The angle \theta between two vectors non-zero A, B \in \mathbb{C}^n is defined by the equation

    \[ \theta = \arccos \frac{\frac{1}{2}(A \cdot B + \overline{A \cdot B})}{\lVert A \rVert \lVert B \rVert}. \]

The inequality

    \[ -2 \leq \frac{A \cdot B + \overline{A \cdot B}}{\lVert A \rVert \lVert B \rVert} \leq 2 \]
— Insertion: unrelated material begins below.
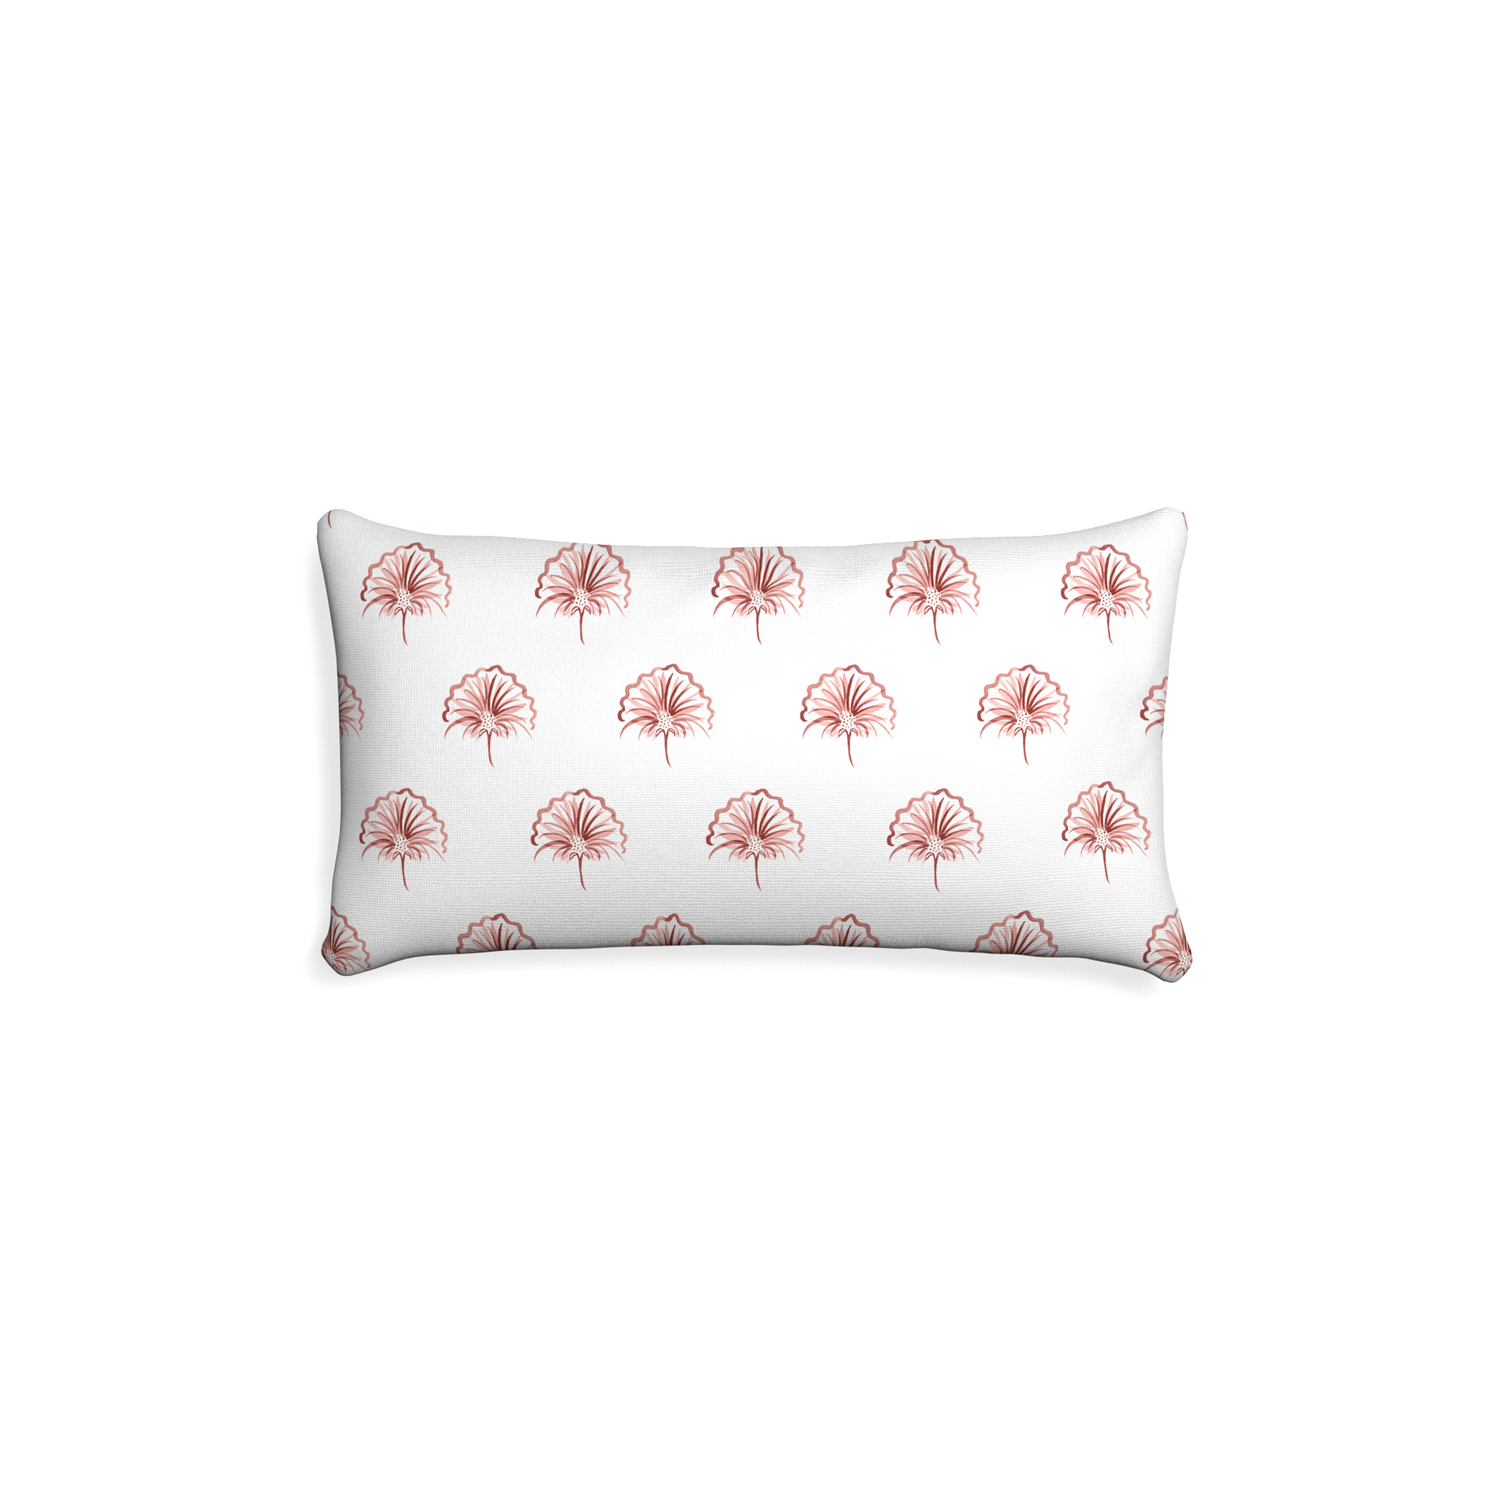 Petite-lumbar penelope rose custom floral pinkpillow with none on white background

we established in the previous exercise (Section 12.17, Exercise #6) show that there is a unique \theta \in [0, \pi] satisfying this equation. Prove that we have

    \[ \lVert A - B \rVert^2 = \lVert A \rVert^2 + \lVert B \rVert^2 - 2 \lVert A \rVert \lVert B \rVert \cos \theta. \]


Proof. From the definition of \theta we have

    \begin{align*}   && \theta &= \arccos \frac{\frac{1}{2} (A \cdot B + \overline{A \cdot B})}{\lVert A \rVert \lVert B \rVert} \\[9pt]  \implies && \cos \theta &= \frac{A \cdot B + \overline{A \cdot B}}{2 \lVert A \rVert \lVert B \rVert} \\[9pt]  \implies && 2 \lVert A \rVert \lVert B \rVert \cos \theta &= A \cdot B + \overline{A \cdot B}. \end{align*}

But then we know from this exercise (Section 12.17, Exercise #3) that

    \[ A \cdot B + \overline{A \cdot B} = \lVert A+B \rVert^2 - \lVert A \rVert^2 - \lVert B \rVert^2. \]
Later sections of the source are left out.